The diagnosis of GNAI1-NDD is established in a proband with characteristic clinical features and a heterozygous pathogenic variant in GNAI1 identified by molecular genetic testing.

Management.

Treatment of manifestations: Developmental and educational services; standard epilepsy treatment with anti-seizure medications by an experienced neurologist; physical medicine and rehabilitation, physical therapy, and occupational therapy to include stretching to help avoid contractures and falls; feeding therapy with gastrostomy tube placement as needed; standard treatments for constipation and strabismus; social work support and care coordination as needed.

Surveillance: At each visit, assess developmental progress, educational needs, mobility and self-help skills, growth, nutrition, and family needs, as well as for new seizures or changes in seizures, scoliosis, and constipation; behavioral assessment for autistic features, anxiety, attention-deficit/hyperactivity disorder, and aggressive or self-injurious behaviors as needed.

Genetic counseling.

GNAI1-NDD is an autosomal dominant disorder typically caused by a de novo pathogenic variant. If the GNAI1 pathogenic variant identified in the proband is not identified in either parent, the recurrence risk to sibs is estimated to be 1%-8% because of the possibility of parental germline mosaicism. Once the GNAI1 pathogenic variant has been identified in an affected family member, prenatal and preimplantation genetic testing are possible.

Suggestive Findings

GNAI1-related neurodevelopmental disorder (GNAI1-NDD) should be considered in probands with the following clinical and brain MRI findings and family history.

Clinical findings

• Mild-to-profound developmental delay
• Hypotonia
• Mild-to-profound intellectual disability
• Neurobehavioral/psychiatric manifestations (autism spectrum disorder, temper tantrums, anxiety, agitation, aggression, and attention-deficit/hyperactivity disorder)
• Epilepsy (absence, generalized tonic-clonic, focal-onset impaired awareness)

Brain MRI findings

• Atrophy (global)
• Delayed myelination
• Choroid plexus cysts

Family history. Because GNAI1-NDD is typically caused by a de novo pathogenic variant, most probands represent a simplex case (i.e., a single occurrence in a family).

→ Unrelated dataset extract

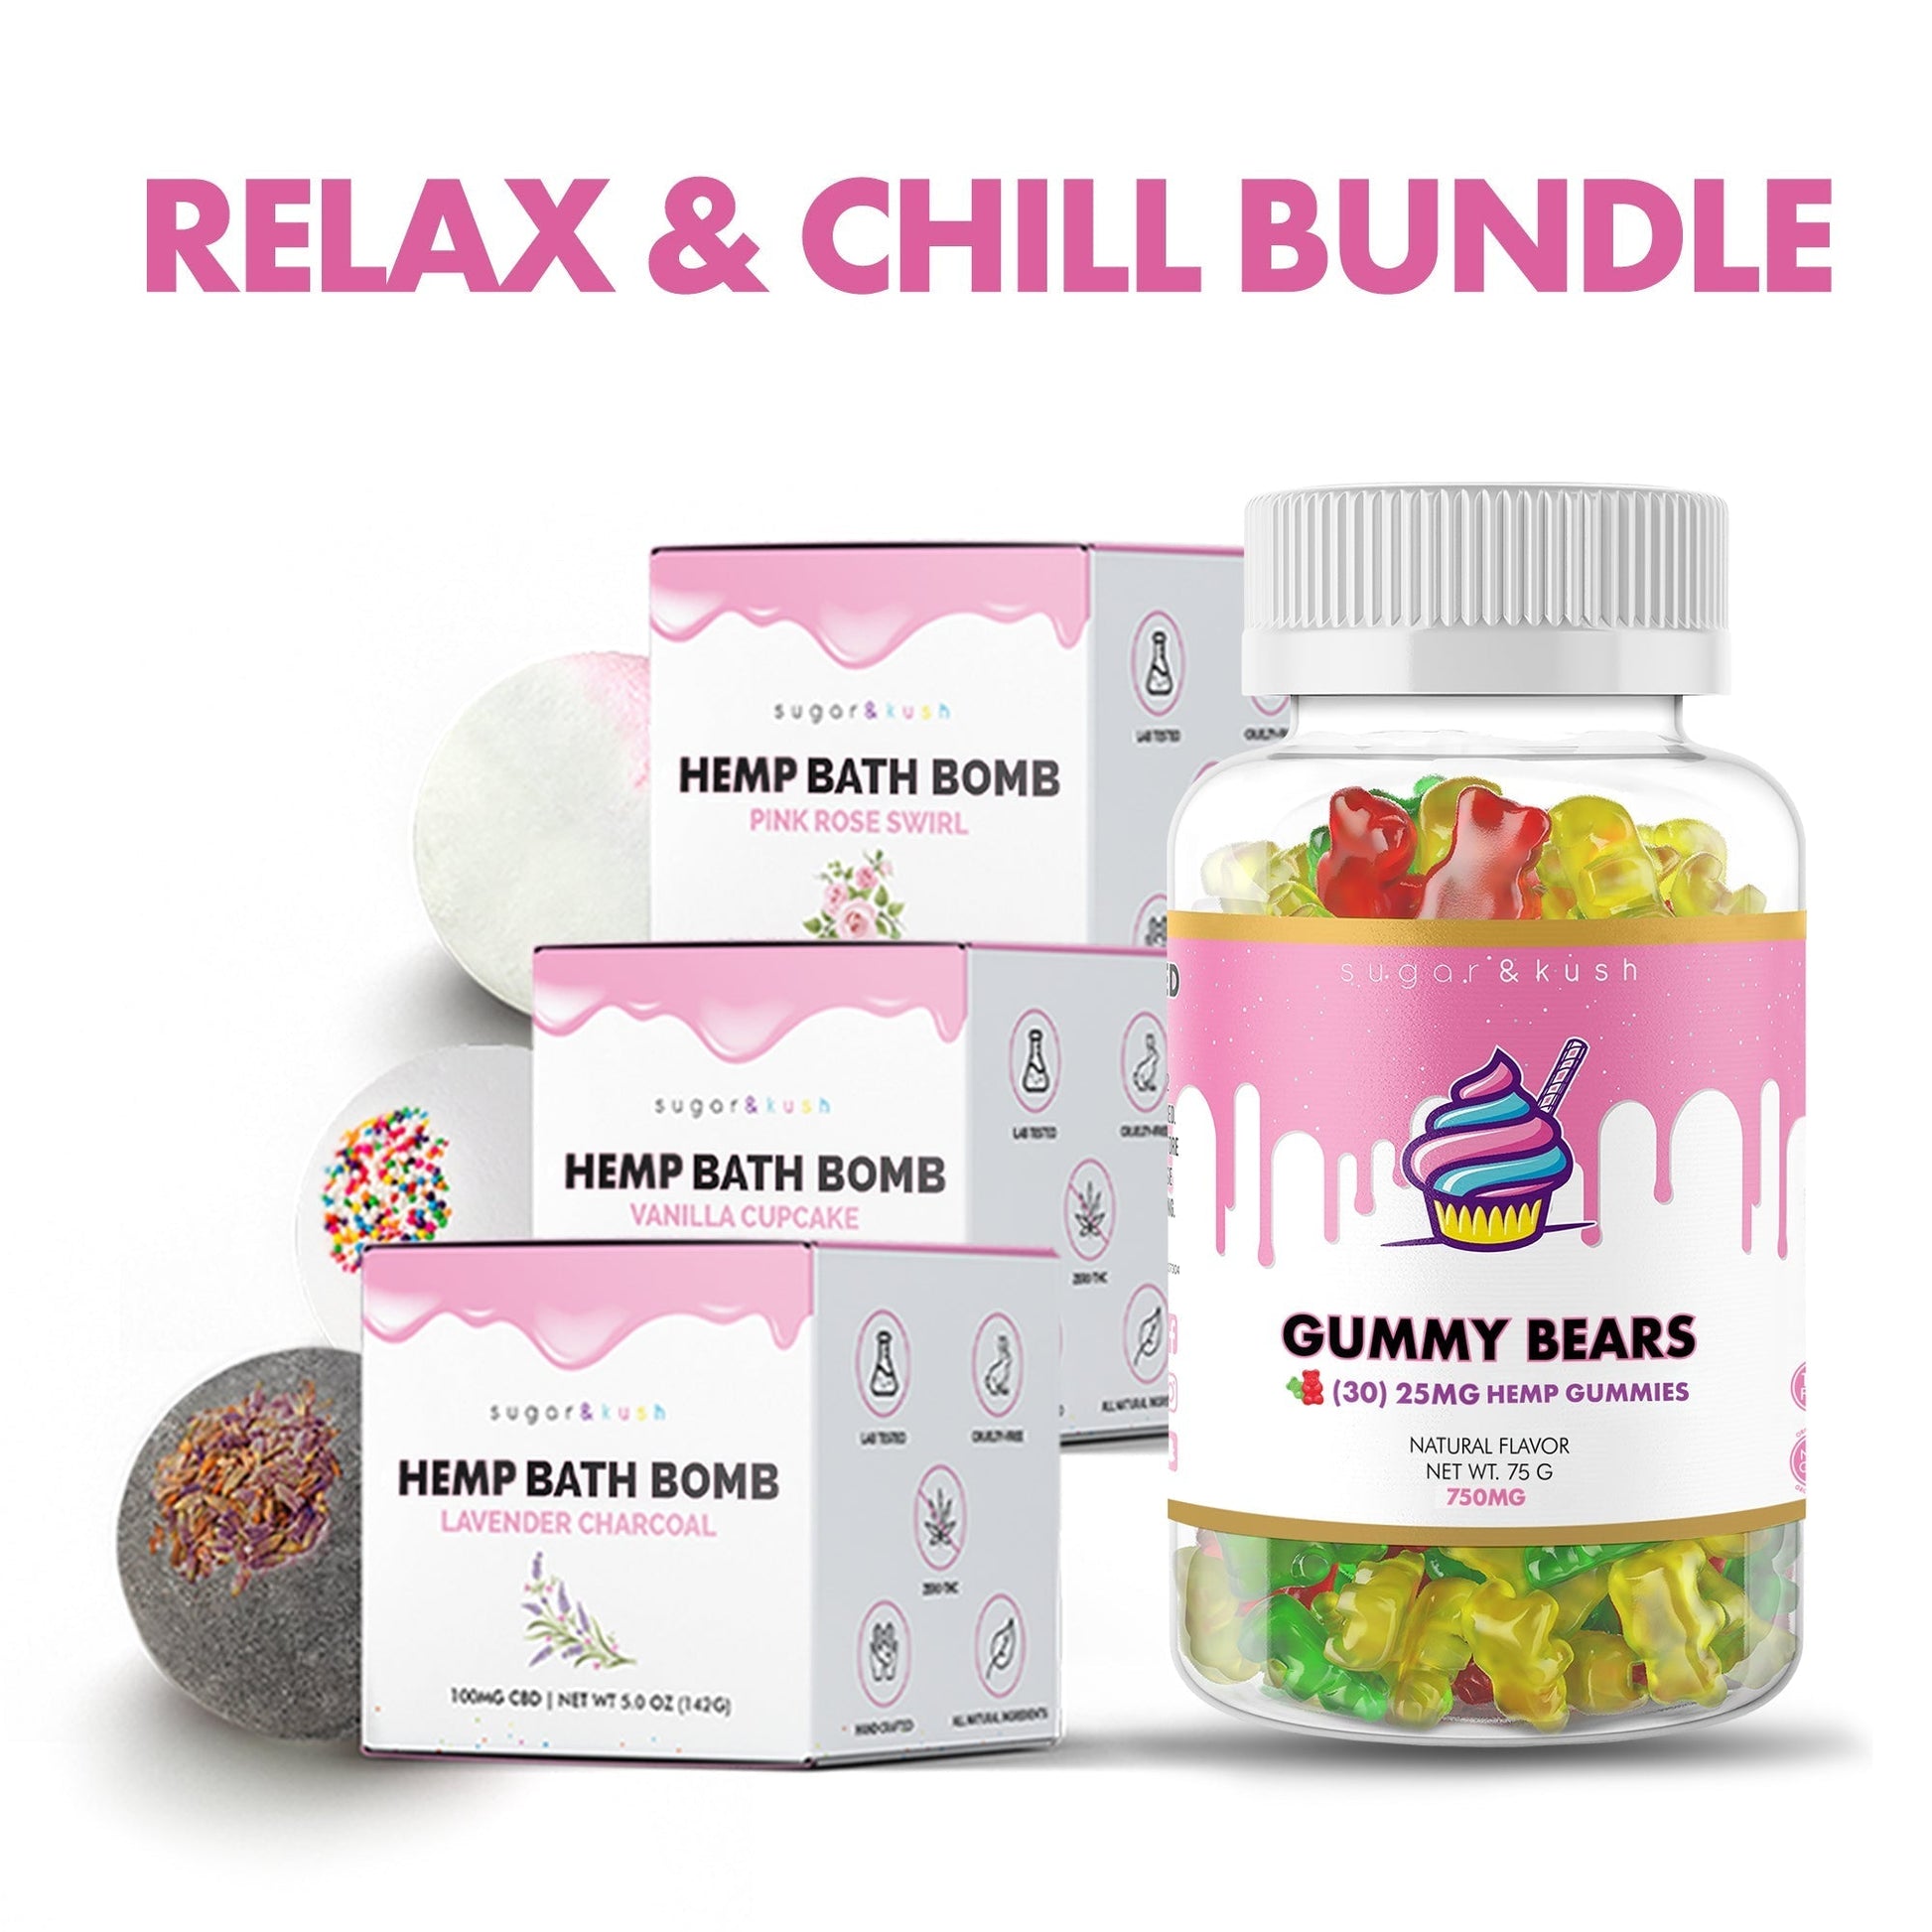 30% OFF Spa Certificate "Relax & Chill Bundle" - Bath Bomb Variety Pack + Gummies bundle S&K Bundles

Establishing the Diagnosis

The diagnosis of GNAI1-NDD is established in a proband with suggestive findings and a heterozygous pathogenic (or likely pathogenic) variant in GNAI1 identified by molecular genetic testing (see Table 1).

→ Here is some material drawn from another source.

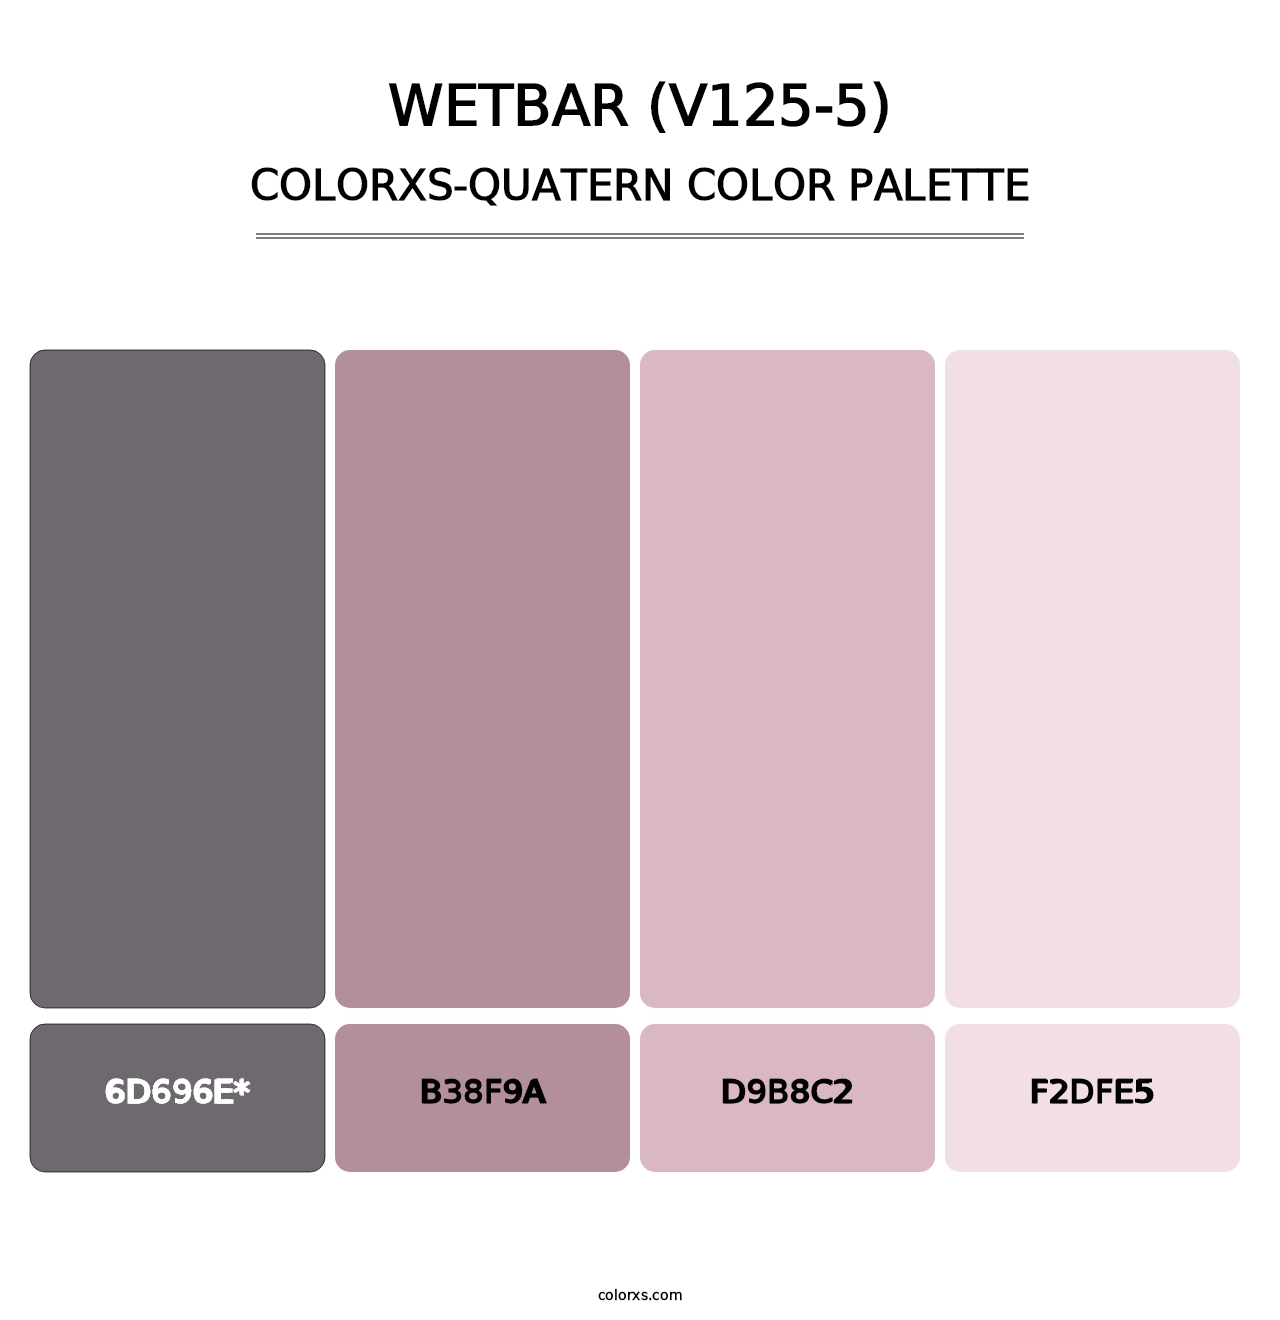 Wetbar (V125-5) - Colorxs Quatern Palette

Note: (1) Per ACMG/AMP variant interpretation guidelines, the terms "pathogenic variant" and "likely pathogenic variant" are synonymous in a clinical setting, meaning that both are considered diagnostic and can be used for clinical decision making [Richards et al 2015]. Reference to "pathogenic variants" in this GeneReview is understood to include likely pathogenic variants. (2) Identification of a heterozygous GNAI1 variant of uncertain significance does not establish or rule out the diagnosis.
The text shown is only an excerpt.